November 19, 2010 / 6:41 PM / 9 years ago

UPDATE 1-U.S. natgas rig count falls 19 to 936-Baker Hughes

 * Gas drilling rig count slips, fourth time in six weeks
 * Horizontal rig count drops for second straight week
 (Adds price reaction, details, background)
 NEW YORK, Nov 19 (Reuters) - The number of rigs drilling
for natural gas in the United States slid by 19 this week to
936, according to a report on Friday by oil services firm Baker
Hughes in Houston.
 The gas-directed rig count, which has fallen four times in
the last six weeks, hit 992 in mid-August, its highest level
since February 2009 when there were 1,018 rigs drilling for
gas.
 Horizontal rigs -- the type most often used to extract oil
or gas from shale -- dropped by eight to 932, the second
straight weekly decline after hitting a record high of 943 on
Nov. 5.
 Analysts estimate that two-thirds of horizontal rigs are
drilling for natural gas, and these comprise part of the
overall rig count. The rest are drilling for oil.
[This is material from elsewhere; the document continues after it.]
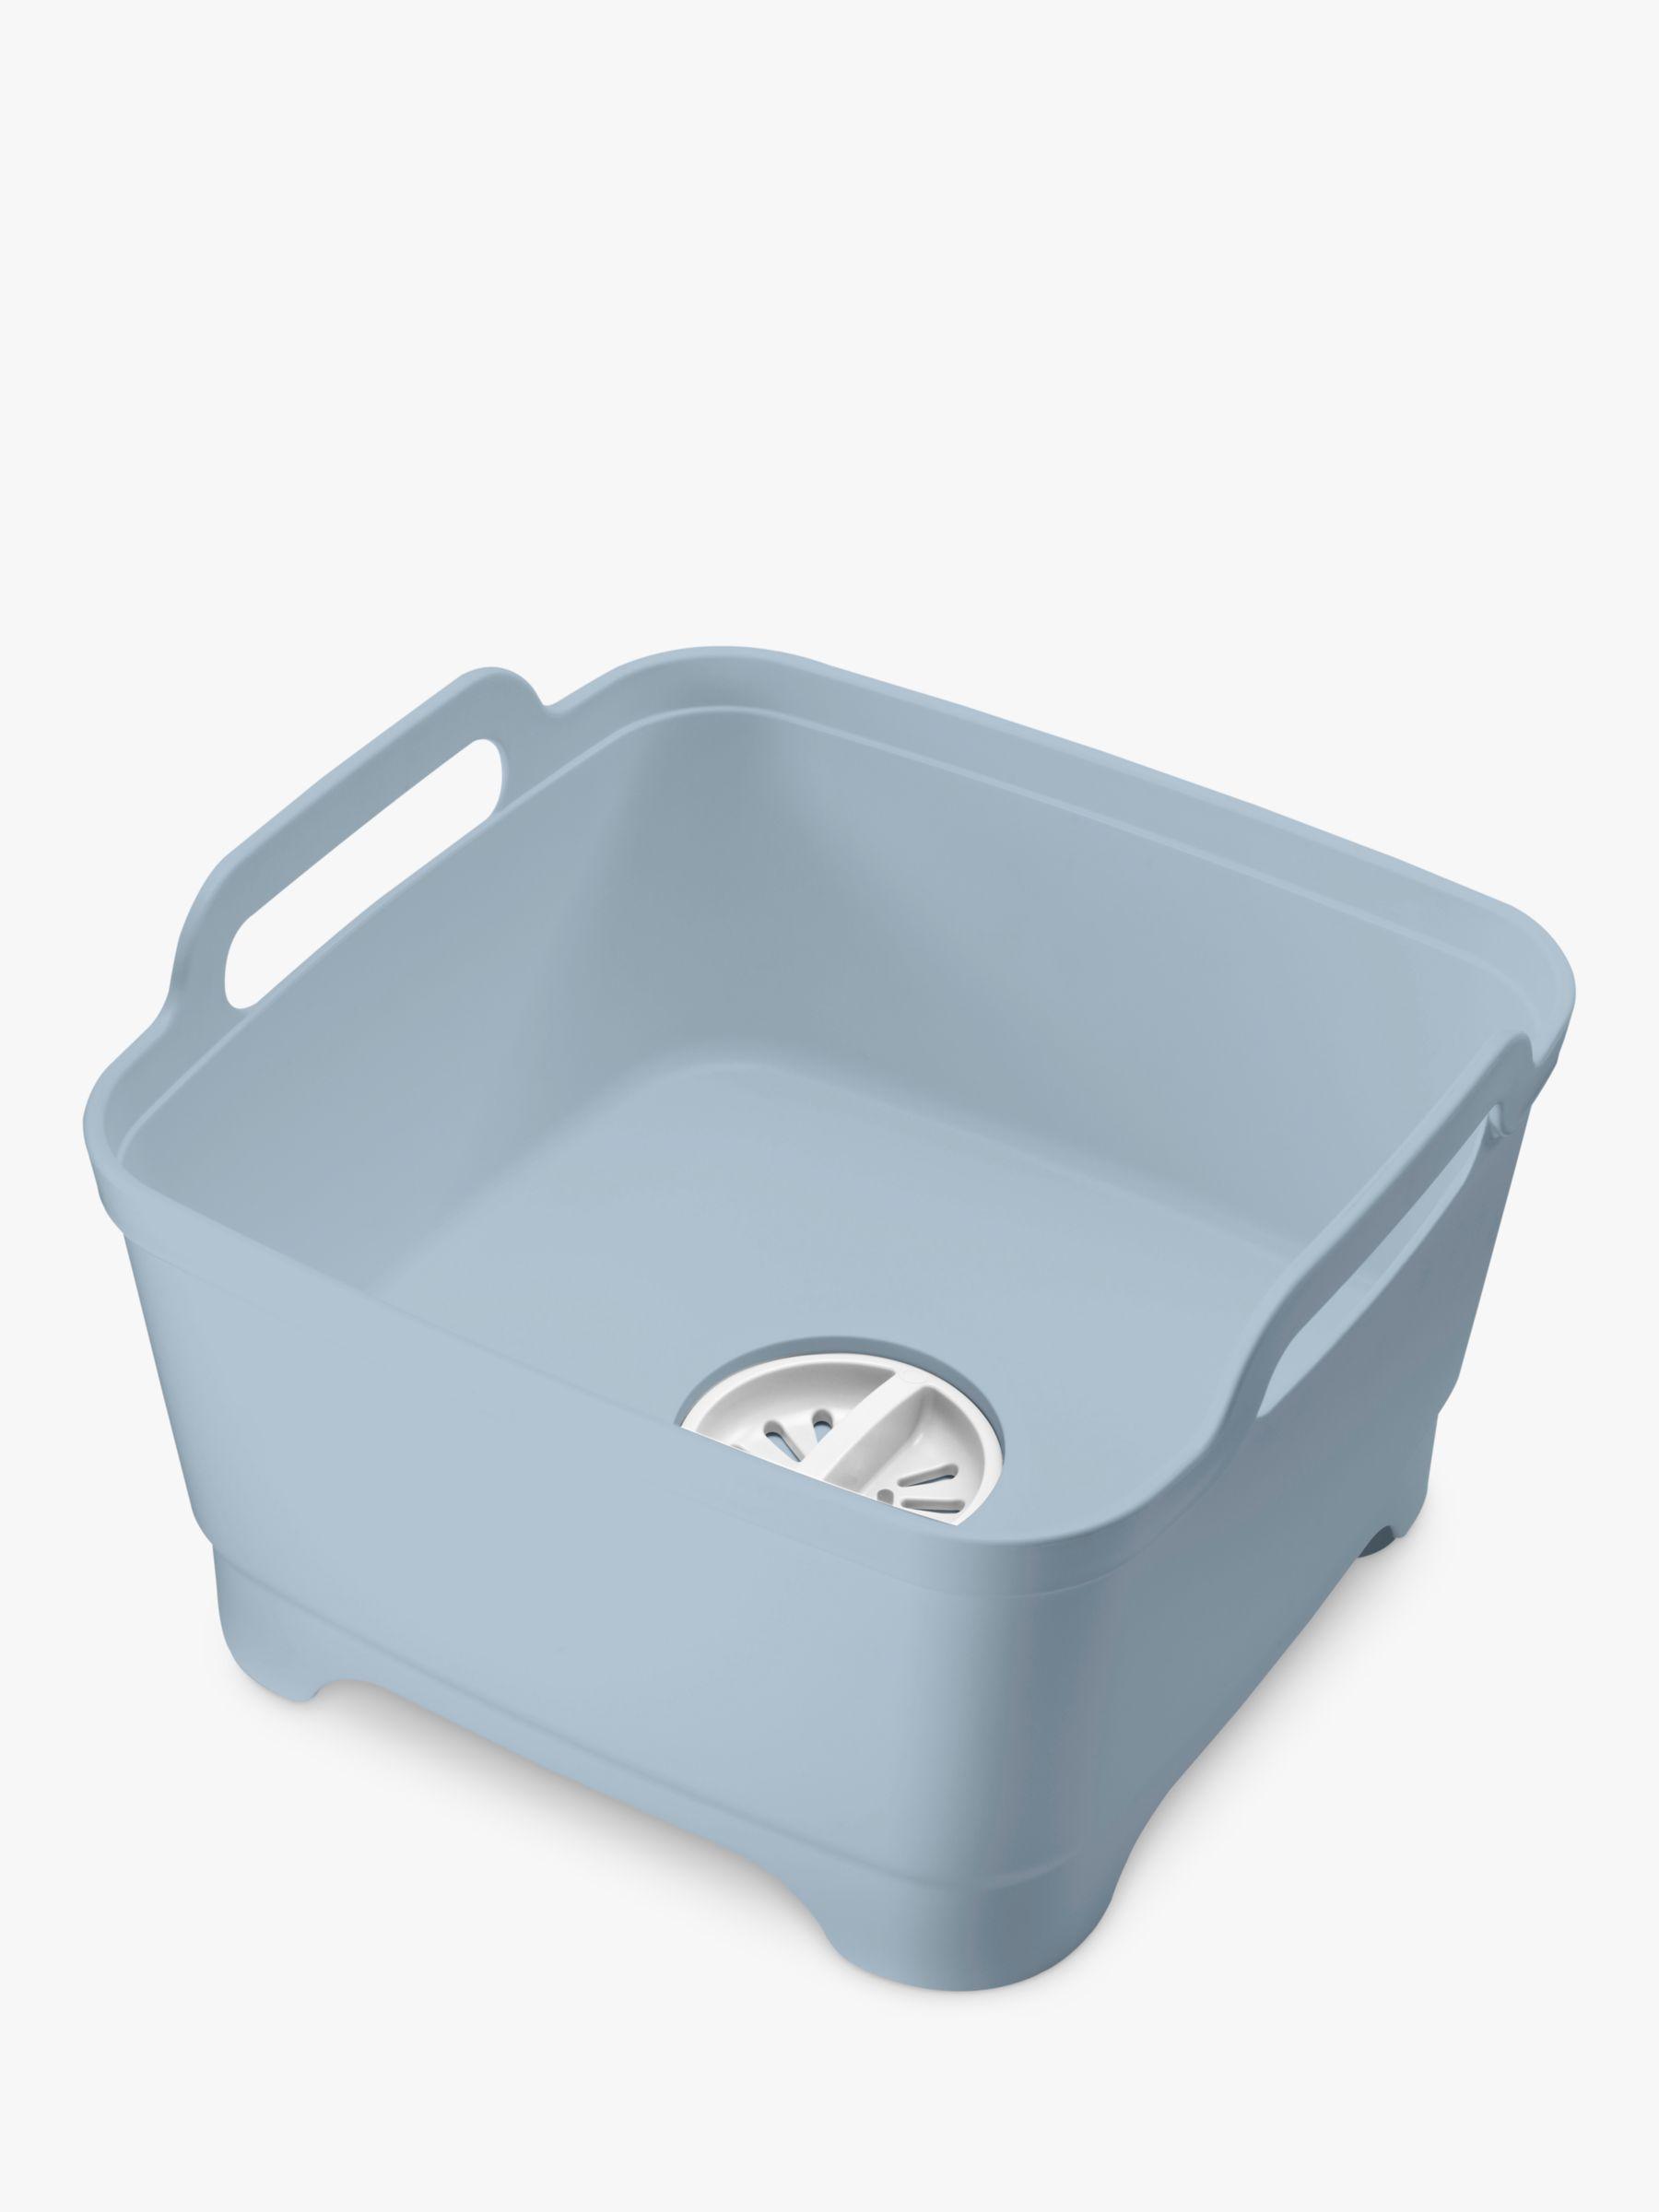 Joseph Joseph Joseph Joseph Wash & Drain Washing-Up Bowl, Blue Grey

 Graphic: link.reuters.com/sup34k
 Front-month U.S. natural gas futures NGc1, which were up
about 13.5 cents in the $4.43 per mmBtu area just before the
data were released at 1 p.m. EST (1800 GMT), hit an intraday
high of $4.17 after the report.
 Despite relatively low gas prices this year, gas drilling
activity has been slow to react, but recent declines,
particularly in the horizontal count may signal a shift away
from gas to more profitable oil-related projects.
 Some firms have said they will shift spending away from gas
due to relatively low prices, but most analysts expect no
meaningful slowdown in gas production until the second half of
2011, at the earliest.
 They said some producers may continue drilling for gas to
meet lease obligations, while others may be protected by
profitable hedges and can still produce and sell gas at prices
well above current levels.
 The gas-drilling rig count is still up 271 since bottoming
at 665 on July 17, 2009, its lowest since the 640 posted on May
3, 2002.
 While the gas rig count is 42 percent off its record peak
of 1,606 from September 2008, it stands 210 rigs, or 29
percent, above the same week last year.
 Rising output from shale gas has been the primary driver of
increased gas production in the last few years, and most
traders agree it will be difficult to tighten the gas market
unless drilling slows sharply.
 Some analysts estimate the gas rig count will have to fall
well below 850 to tighten the overall market.
 Recent estimates by the U.S. Energy Information
Administration put U.S. gas output this year at more than 22
trillion cubic feet, its highest since 1973, but next year the
EIA sees output dropping 1.2 percent.
 With gas inventories heading into winter at record highs
and production likely to remain strong into 2011, many traders
expect gas prices to remain cheap relative to oil, at least
until an improving economy boosts industrial demand, which
accounts for nearly 30 percent of U.S. gas consumption.